All lines at and after the one containing "Save wyoming with starts", up to the end of the listing below, are to be printed exactly, with the pictures omitted.

"""

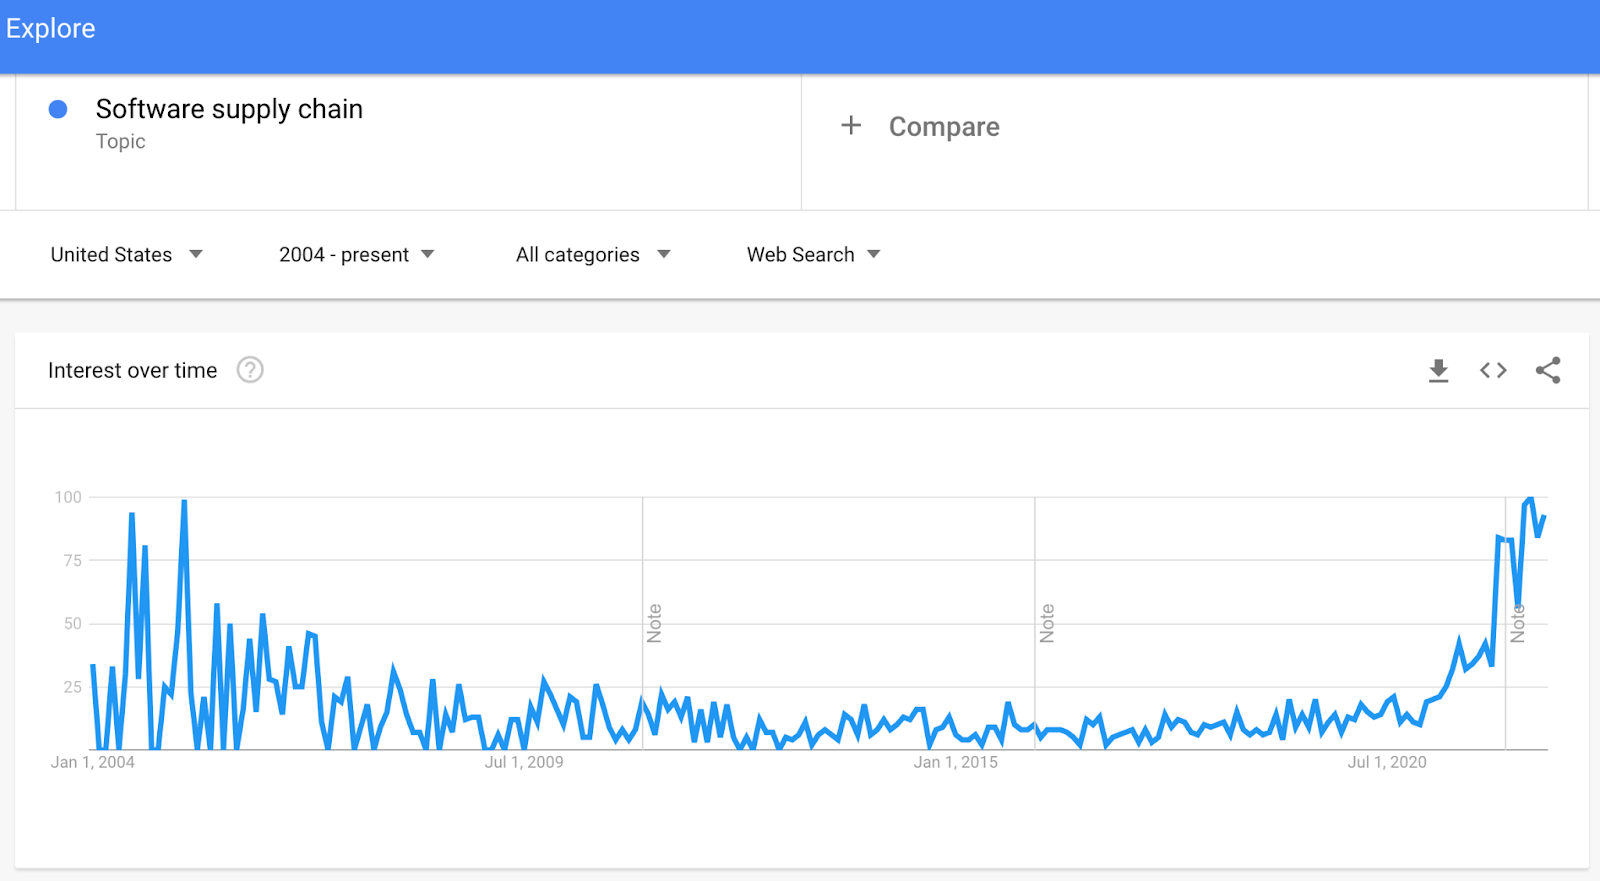 Google Trends graph of software supply chain interest over time.
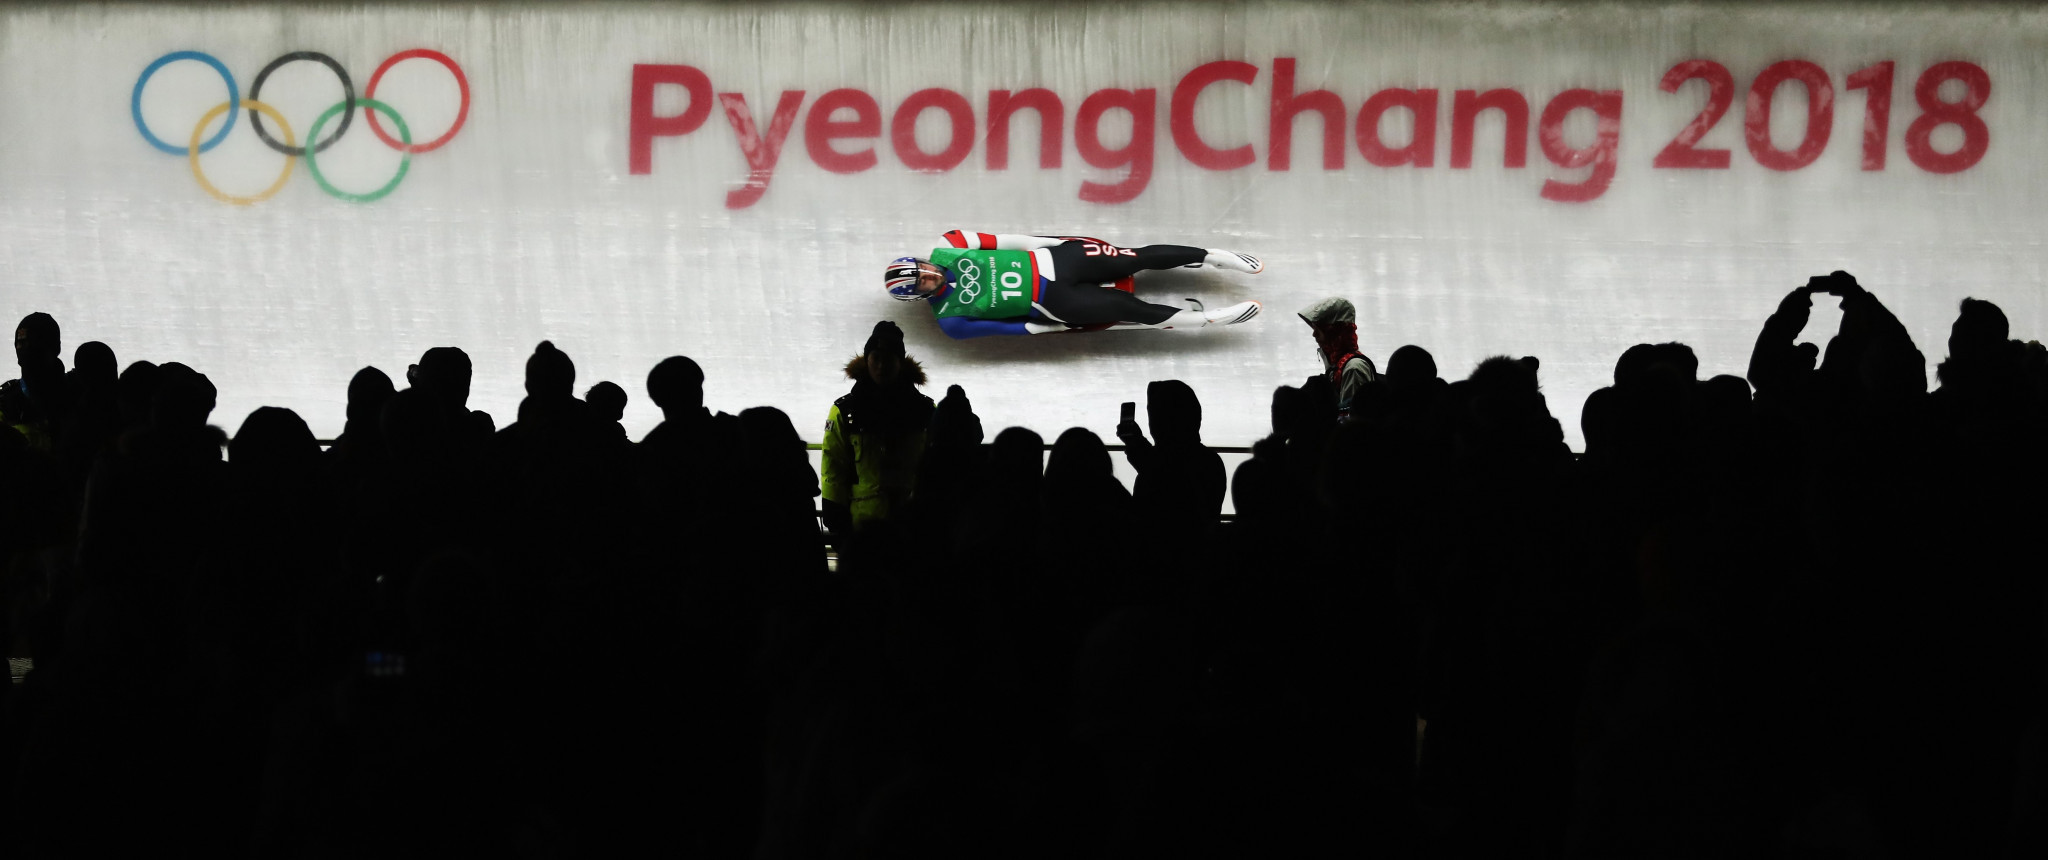 Chris Mazdzer won the United Sates' lone luge medal at Pyeongchang 2018 ©Getty Images
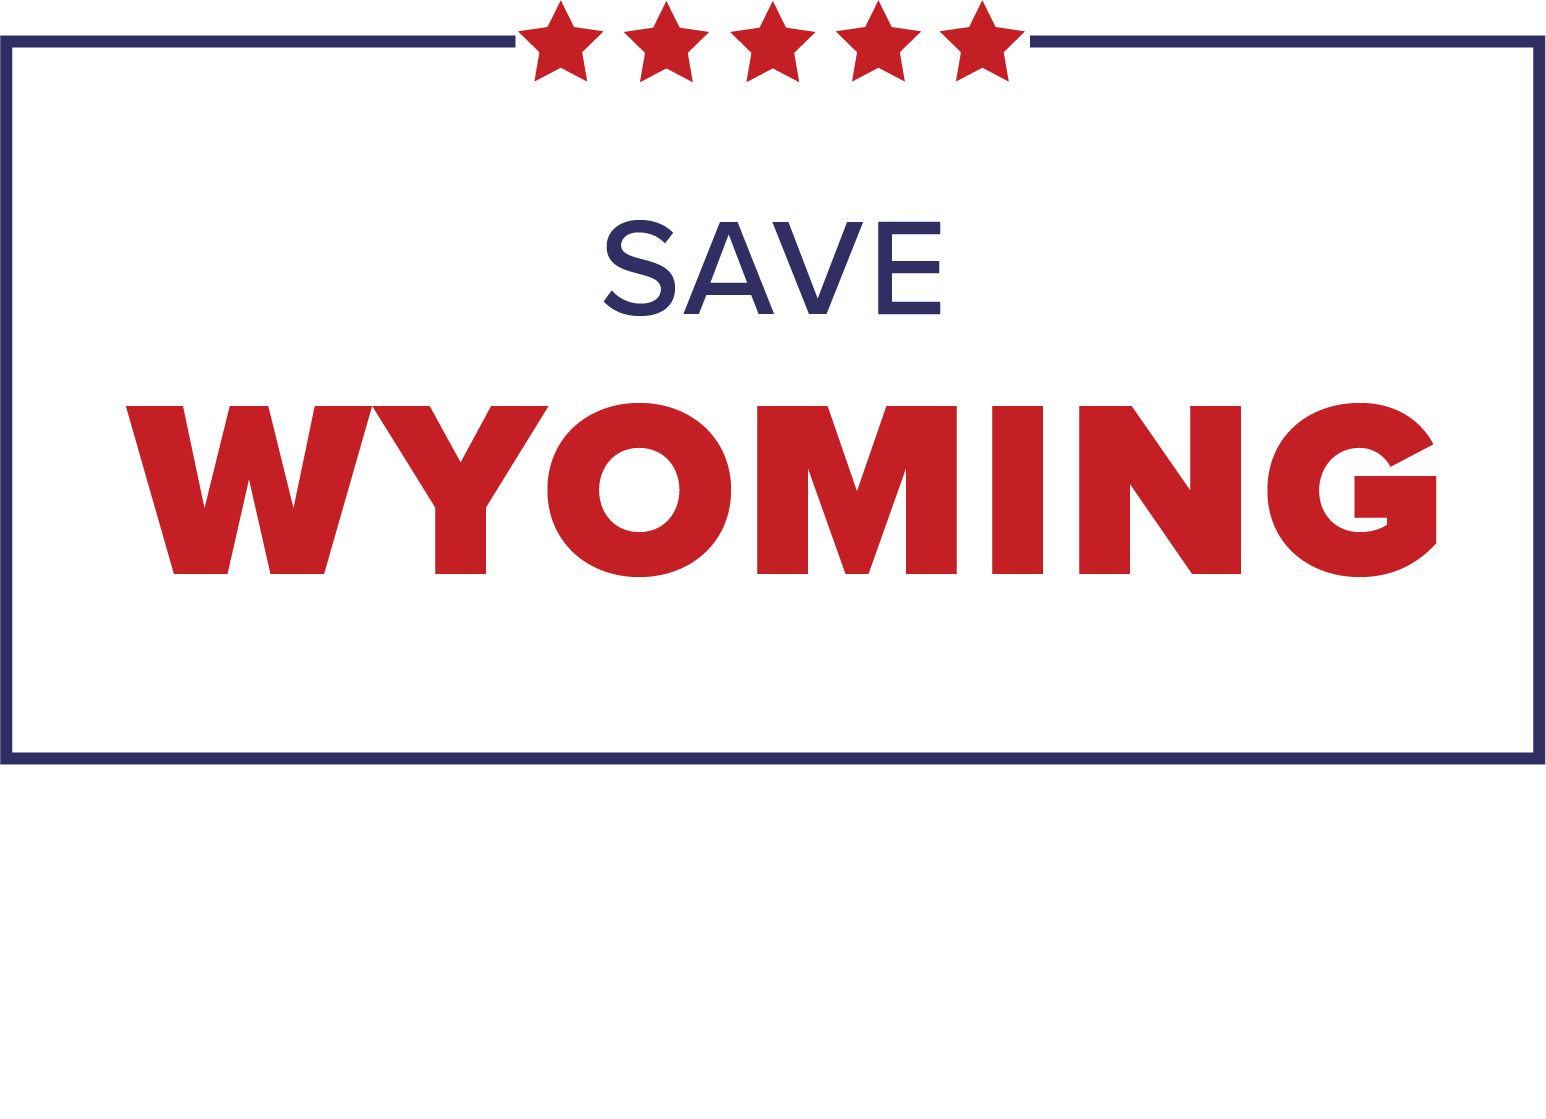 Save wyoming with starts
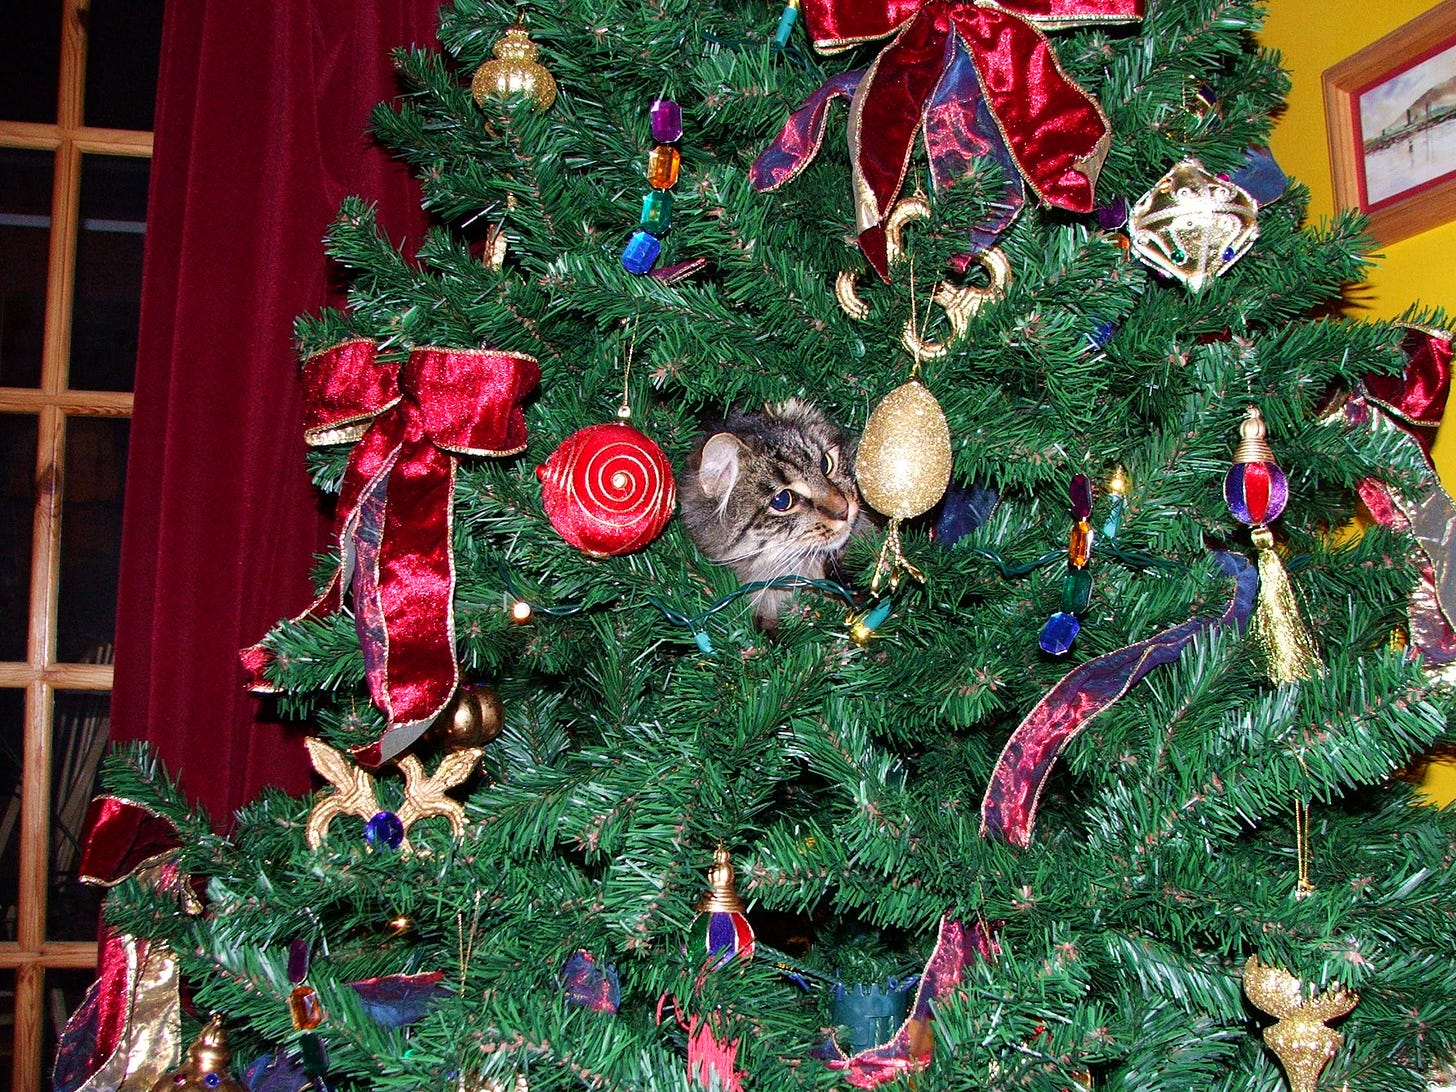 A beautiful cat in a Christmas tree.
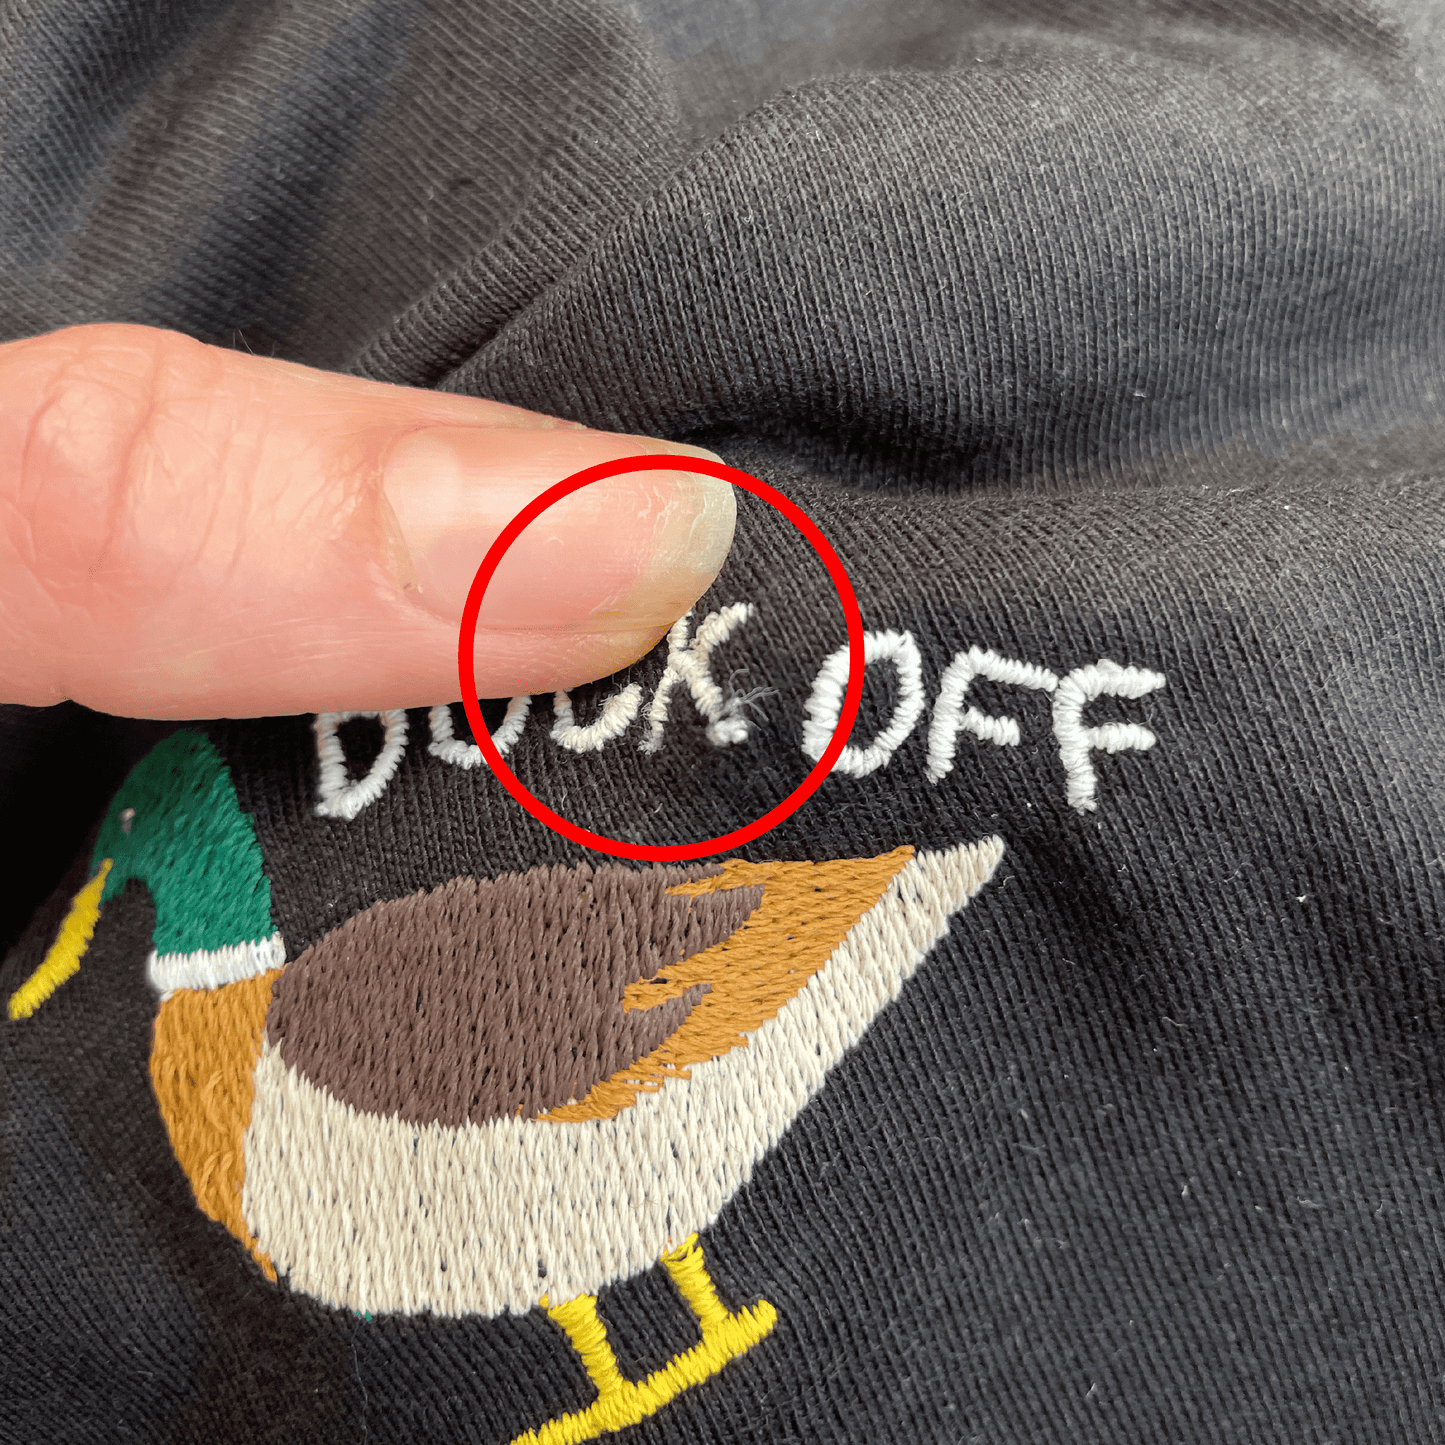 01_ Duck Off Small - DEFECT - Small hole

"""

◆ ANSWER SPACE:
 Save wyoming with starts
 A beautiful cat in a Christmas tree.
 01_ Duck Off Small - DEFECT - Small hole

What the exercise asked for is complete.